Former college in Glasgow, Scotland

Stow College was a college in Glasgow in Scotland.

==History==
The college was named after David Stow, whose primary teaching seminary was founded close to the college at Dundasvale. The first purpose-built Further Education college in Glasgow, it celebrated its 75th anniversary in 2009.

Traditionally an engineering college, Stow diversified into ICT, social sciences, women's studies, business studies, and music . The college offered courses from introductory to Higher National Diploma level within the six departments, namely Music & Creative Industries, Management & General Education, Computing & Internet Technologies, Engineering Technology, Science & Health and Trade Union Education. It also offered online and distance learning and a large range of commercial short courses. The Trade Union Education Department was the largest of its type in Scotland and one of the most successful in the UK. It was also the only college in the Central Belt to offer a Gaelic immersion course.
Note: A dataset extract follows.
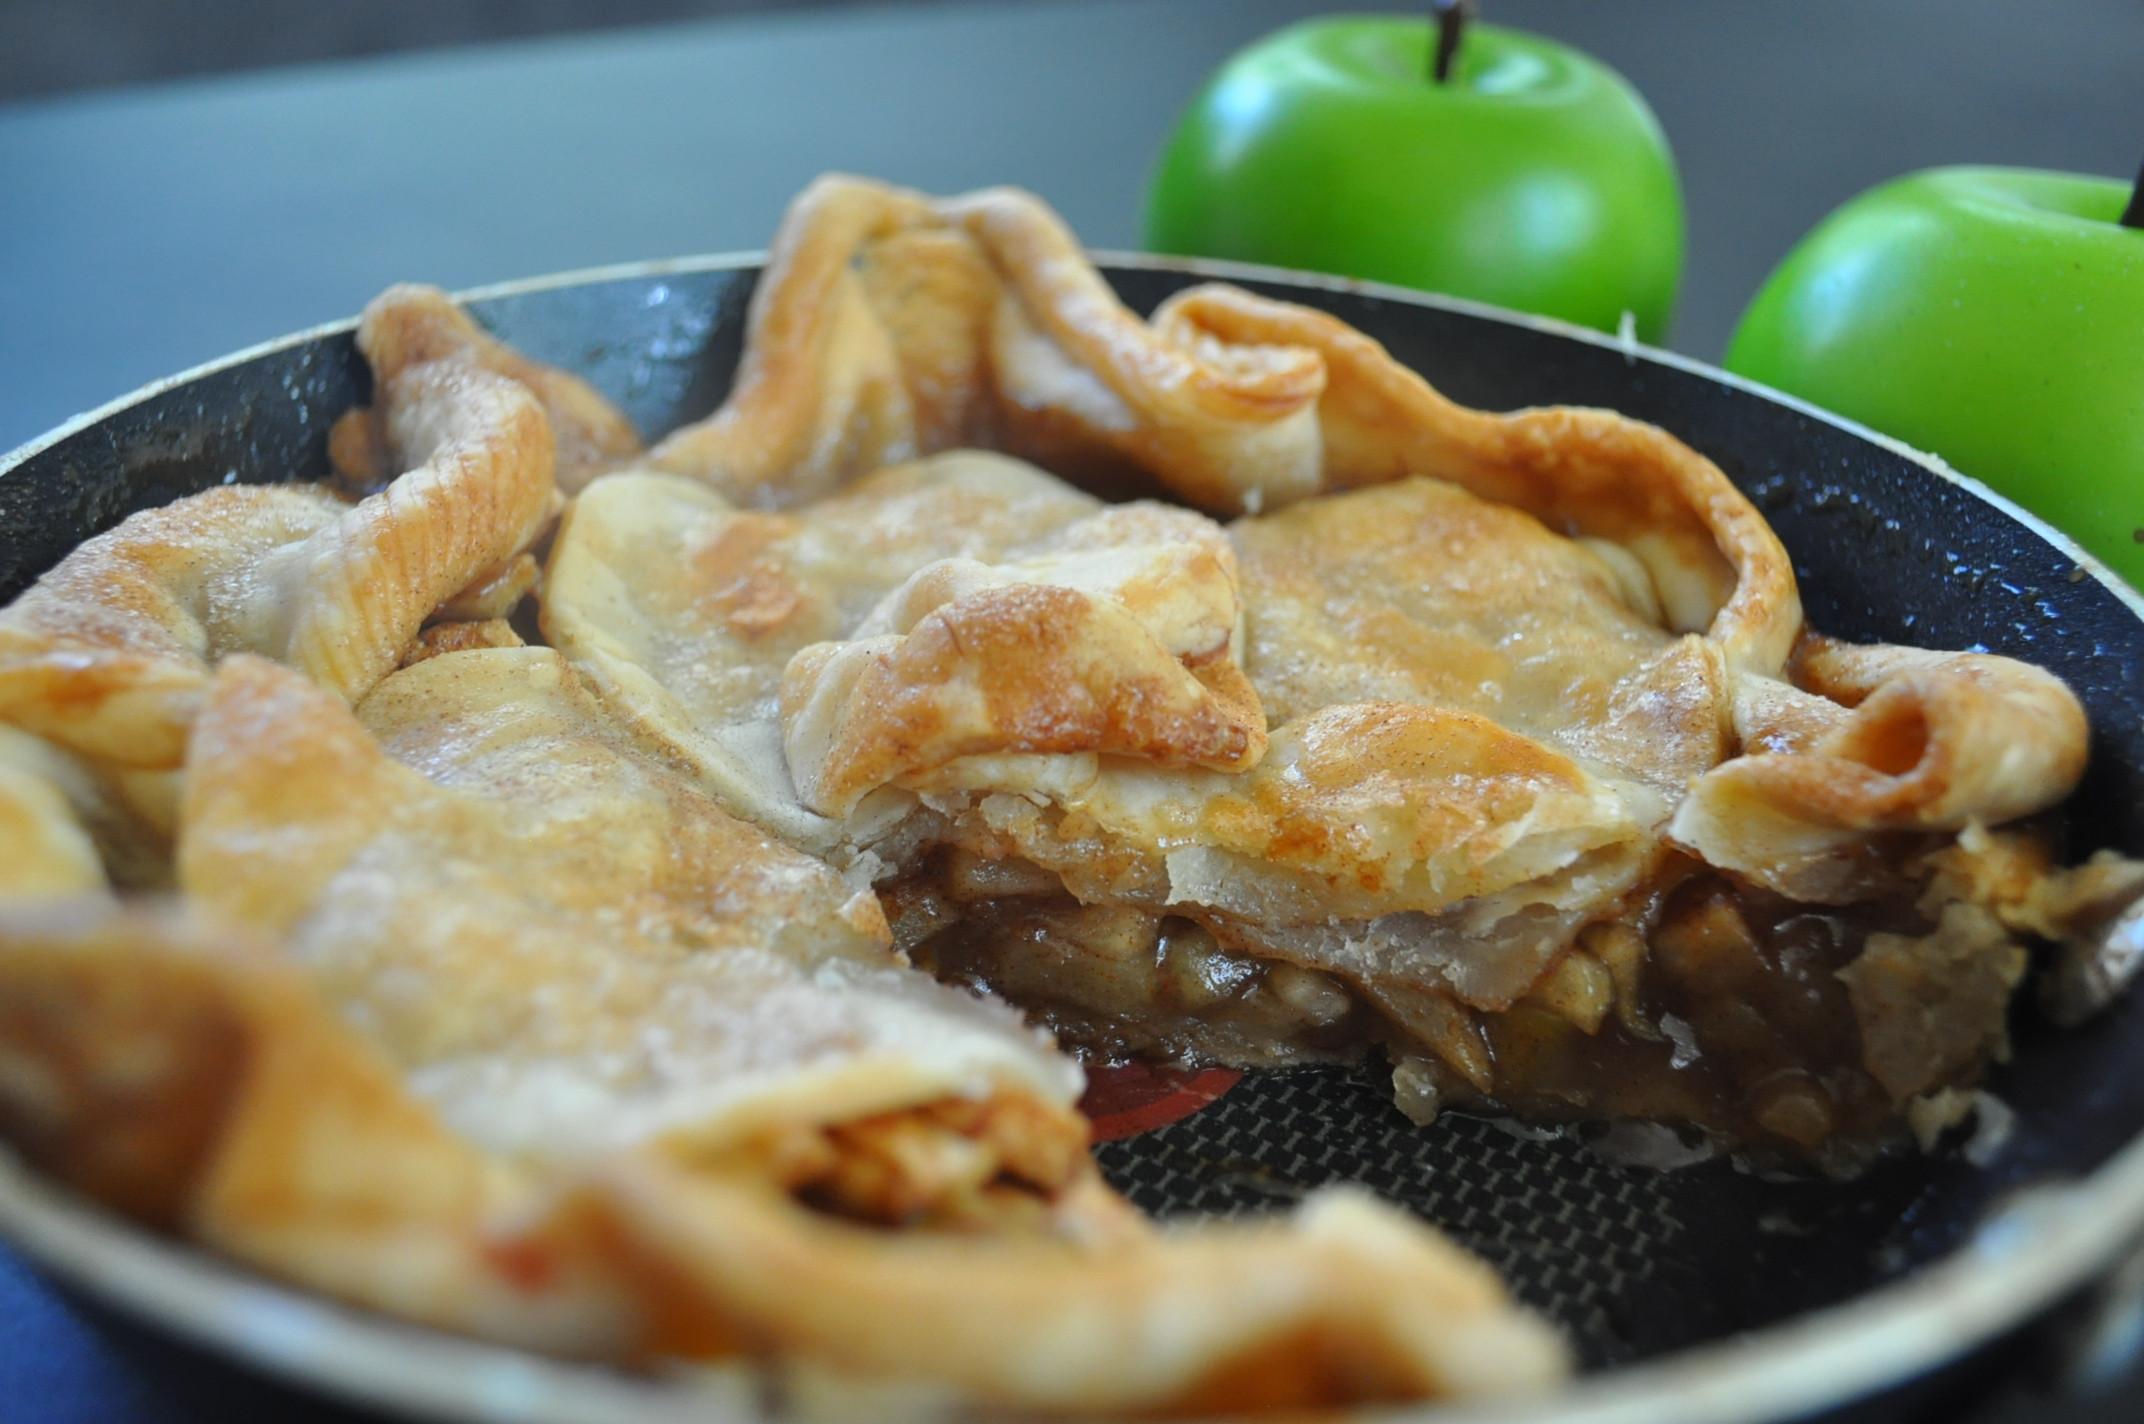 Trisha Yearwood Skillet Apple Pie  Skillet Apple Pie A Recipe from Trisha Yearwood

The college won a number of Star Awards from the Scottish Qualifications Authority, including their top award, the Pride o' Worth Award. This was awarded due to the internationally renowned success of their record labels, Electric Honey, Gdansk, and Root8, which were run by Music Business Administration students. Acts which have been launched through the Electric Honey label include Snow Patrol (then known as Polar Bear), Belle & Sebastian, and Biffy Clyro. Belle & Sebastian's first album, Tigermilk, was released on the label in 1996.

The college was the first in Scotland to devise and offer a Higher National Certificate course in Computer Games Development which helped to support Scotland's thriving computer games industry.

Extensive links with local universities including the University of the West of Scotland, Glasgow Caledonian University and Strathclyde University ensured that students could progress to second or third year of degree courses.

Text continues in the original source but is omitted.